Royal Dutch Shell is hedging its bets and preparing for the electric era by acquiring Newmotion. Newmotion is a Holland based company that owns one of the largest electric vehicle charging networks in Europe. With demand for electric vehicles which have zero toxic emissions set to soar, Shell is preparing for the age of electric mobility with its first such deal. Newmotion has 30,000 charging points for electric vehicles in Western Europe and offers customers access to thousands more. According to Shell, these recharging stations will be operated in tandem with Shell’s own program for rolling out its own fast charging points.
Shell’s vice-president for new fuels, Matthew Tipper told members of the media that while the Shell charging stations will be fast charging on the go on the forecourt, Newmotion’s charging points will recharge at a slightly slower rate of charge at the workplace or at home. As of now, there are no p;lans to integrate these into a single network.
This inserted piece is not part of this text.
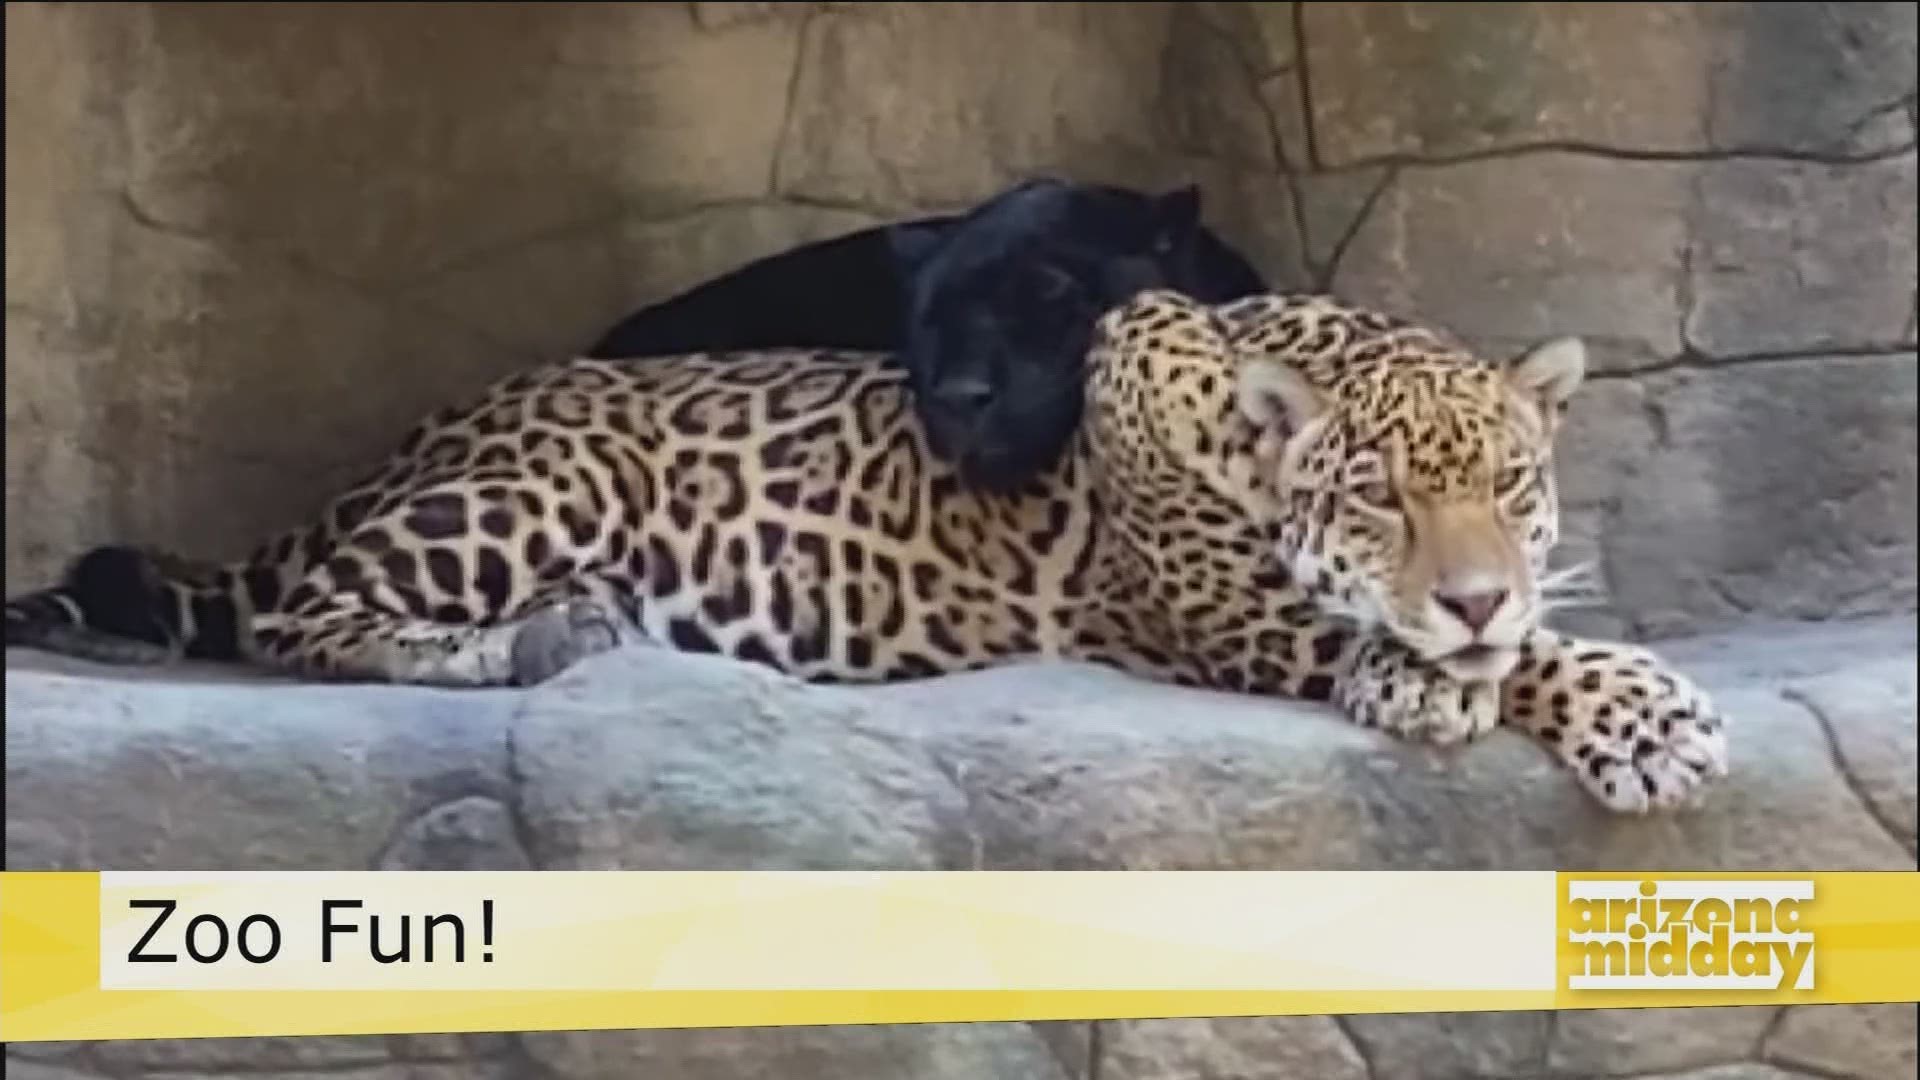 Kristy Morcom, with the Wildlife World Zoo & Aquarium, tells us all about their jaguars.

Currently, Shell is installing electric vehicle charging points at retail stations spread across the Netherlands, Britain, Norway and the Philippines.
Morgan Stanley has projected that with the rise in demand for electric vehicles, 1-3 million public charging points could be needed in Western Europe by 2030. Currently, there are less than 100,000 points for recharging electric vehicles.
Shell believes that at least 25 per cent of the total number of cars in the world would be electric by 2040.
NewMotion, which was established in 2009, has more than 100,000 registered charge card users in Europe and offers access to its own charging points as well as another 50,000 partner locations.
In September, NewMotion had signed a deal with Total to allow Total’s customers access to its electric vehicle charging network.